Whattt!! Bacteria May Be Useful For Hygiene - This Study Prove
Really shocking that bacteria might be useful for hygiene. I did not believe it but this study proved me wrong.
|Whattt!! Bacteria May Be Useful For Hygiene - This Study Prove|
You've got to wash your hands.
You've got to pay attention to your hygiene. Why?
Because if you don't then you'll get the dreaded germs and all kinds of terrible things will happen.
Well it turns out, oddly enough, that new research is indicating that in those countries who pay less attention to hygiene— where their lifestyle is not as sanitary than ours is in Western cultures—these countries may have less risk for some really important diseases including Alzheimer's disease.
Let's take a look at a new study.
This is a report that came to us from evolution medicine and public health, August of 2013, And it's a study that looks at the what is called the microbial environment and age adjusted disease burden.
In other words this is a study that compares a country's hygiene based upon the amount of parasites that people have with risk for Alzheimer's disease.
And in this first section you'll notice that those are countries in whom individuals have higher levels have parasites— less hygiene more parasites in their gut—and so significant changes that we in Western cultures would think would necessarily be bad.
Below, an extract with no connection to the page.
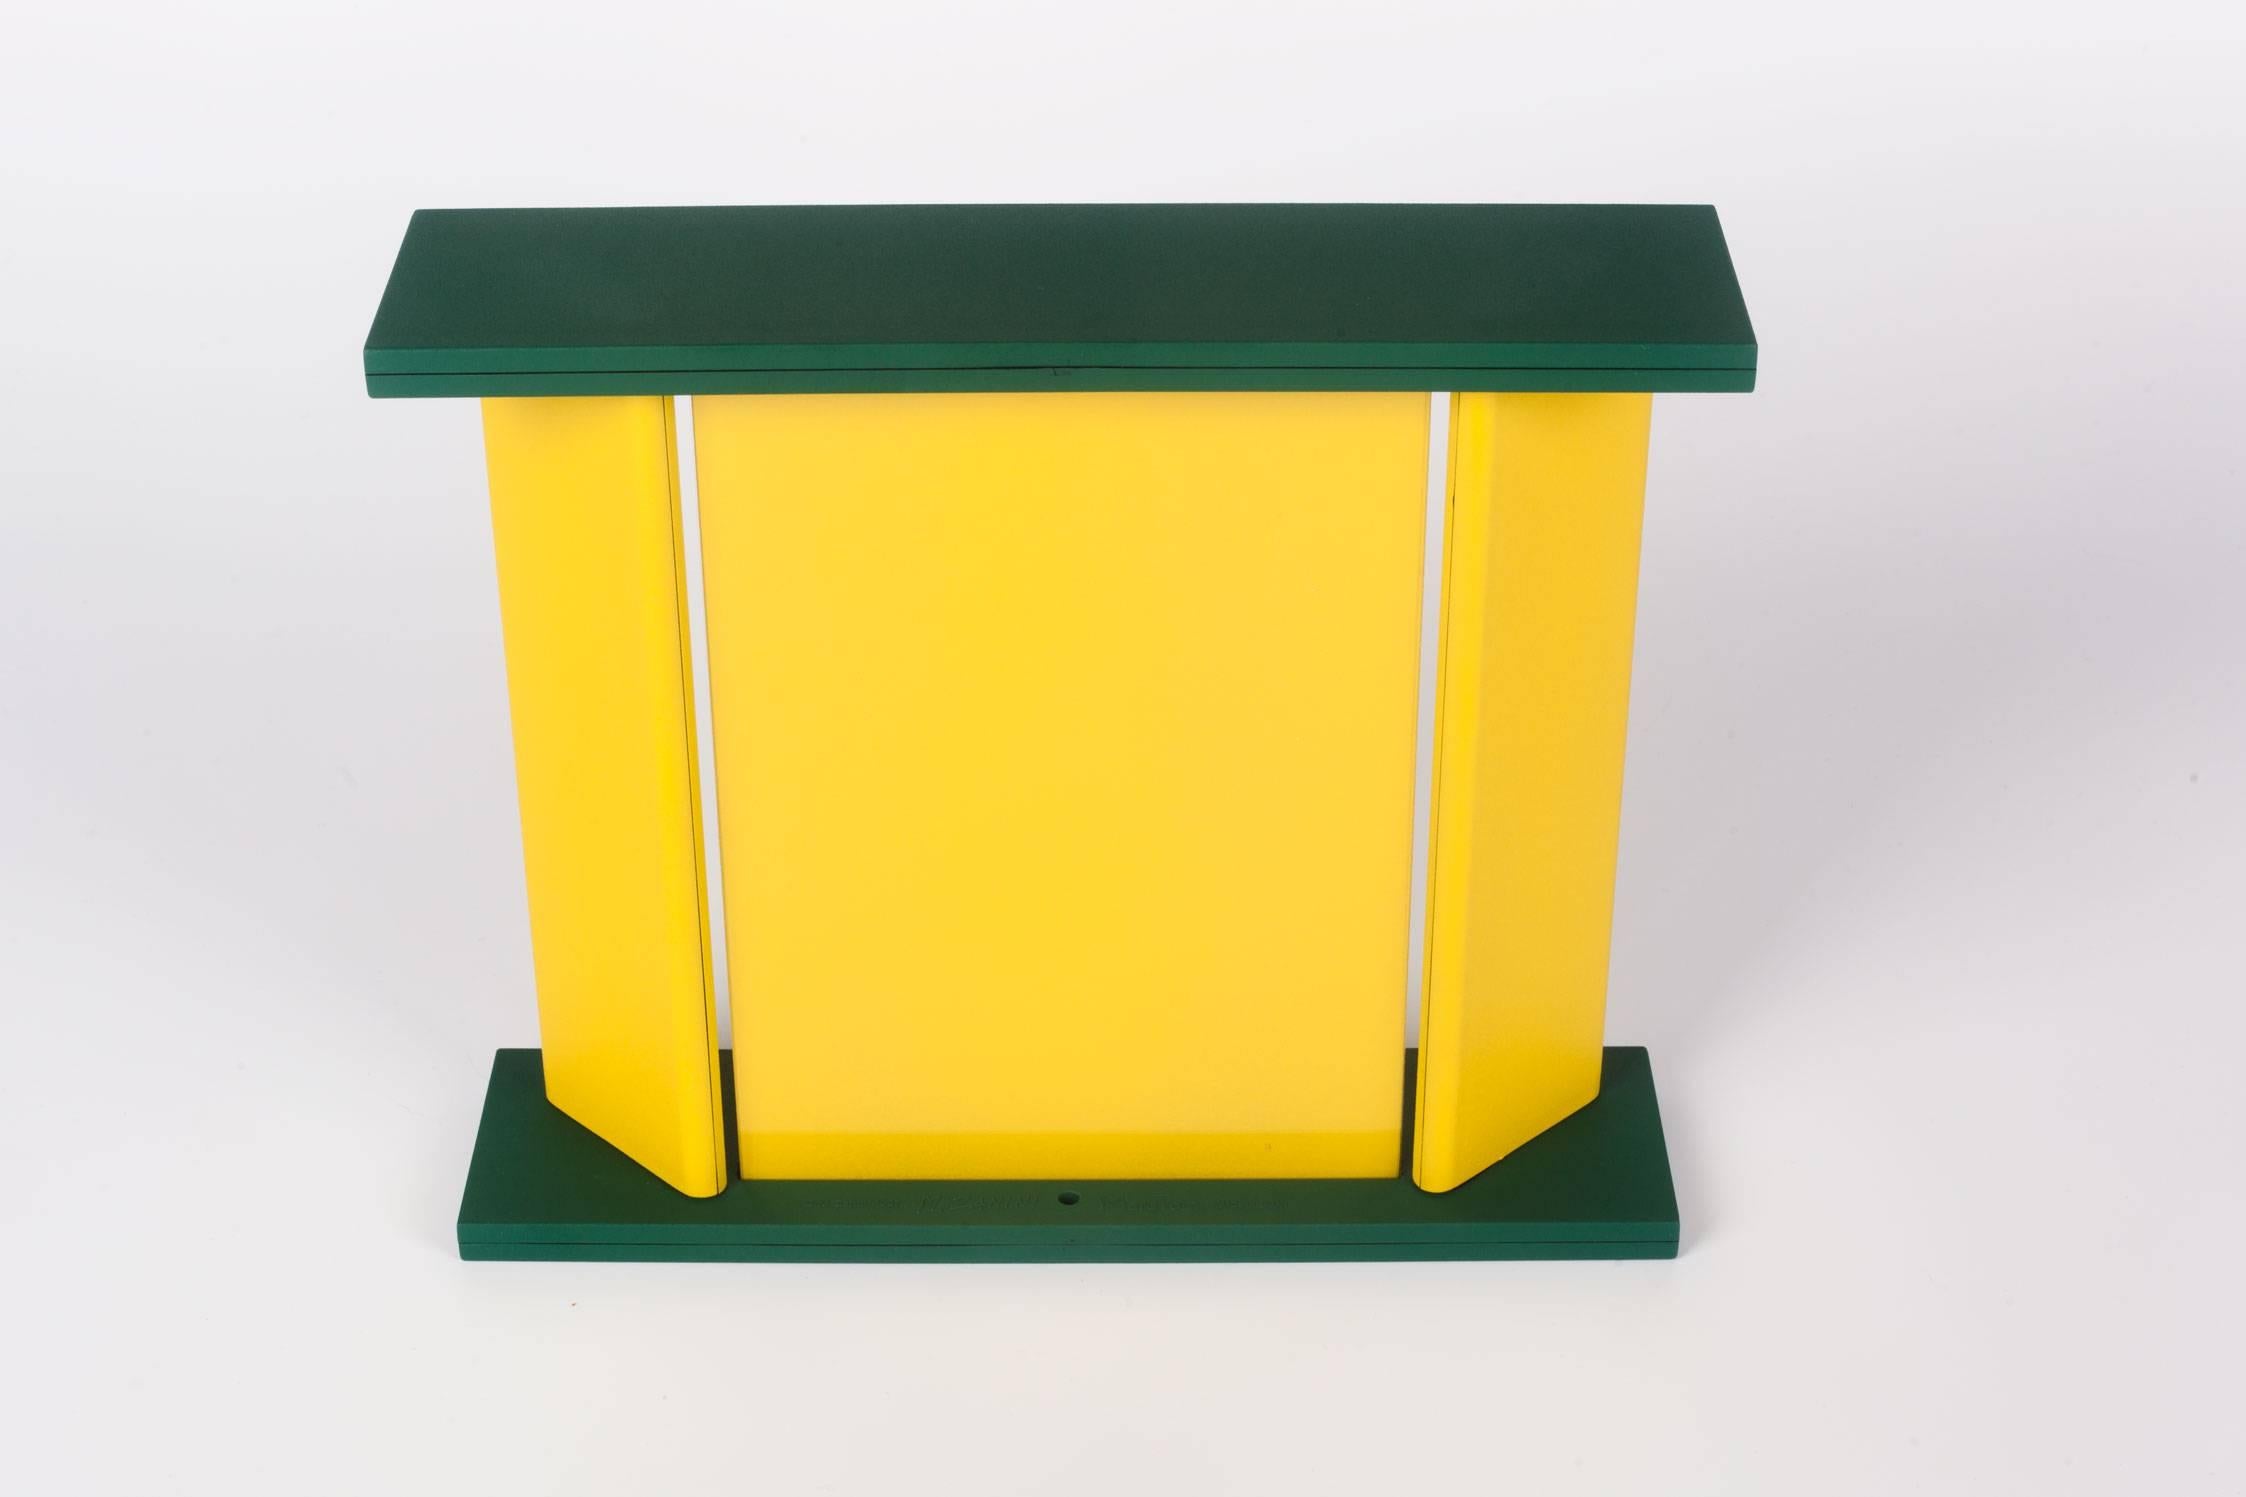 Memphis Green Yellow Table Mirror by Marco Zannini, 1990s (Postmoderne)

Countries like Sudan, Ethiopia Nigeria, Chad, Angola, Kenya, these are places where there are lots and lots of parasites that infect people.
And you'll notice that the further to the left you go countries like Iceland, the United States, Denmark, Austria, and Germany these are actually the same countries that have the highest degree of hygiene, the least amount of parasites.
What this study is demonstrating is that in those countries that have the highest level of diversity of the microbes living in the gut, they have the best functioning immune systems, the least amount of inflammation, and the least risk for things like Alzheimer's disease.
Now this study only looked at Alzheimer's, but I suspect we're going to learn very soon that this information can in fact be generalized.
We have something called the hygiene hypothesis and what does that mean?
It means that our obsession with cleanliness, you know finding these hand sterilizers at the end cap of every aisle in the grocery store, may in fact be doing more harm than good.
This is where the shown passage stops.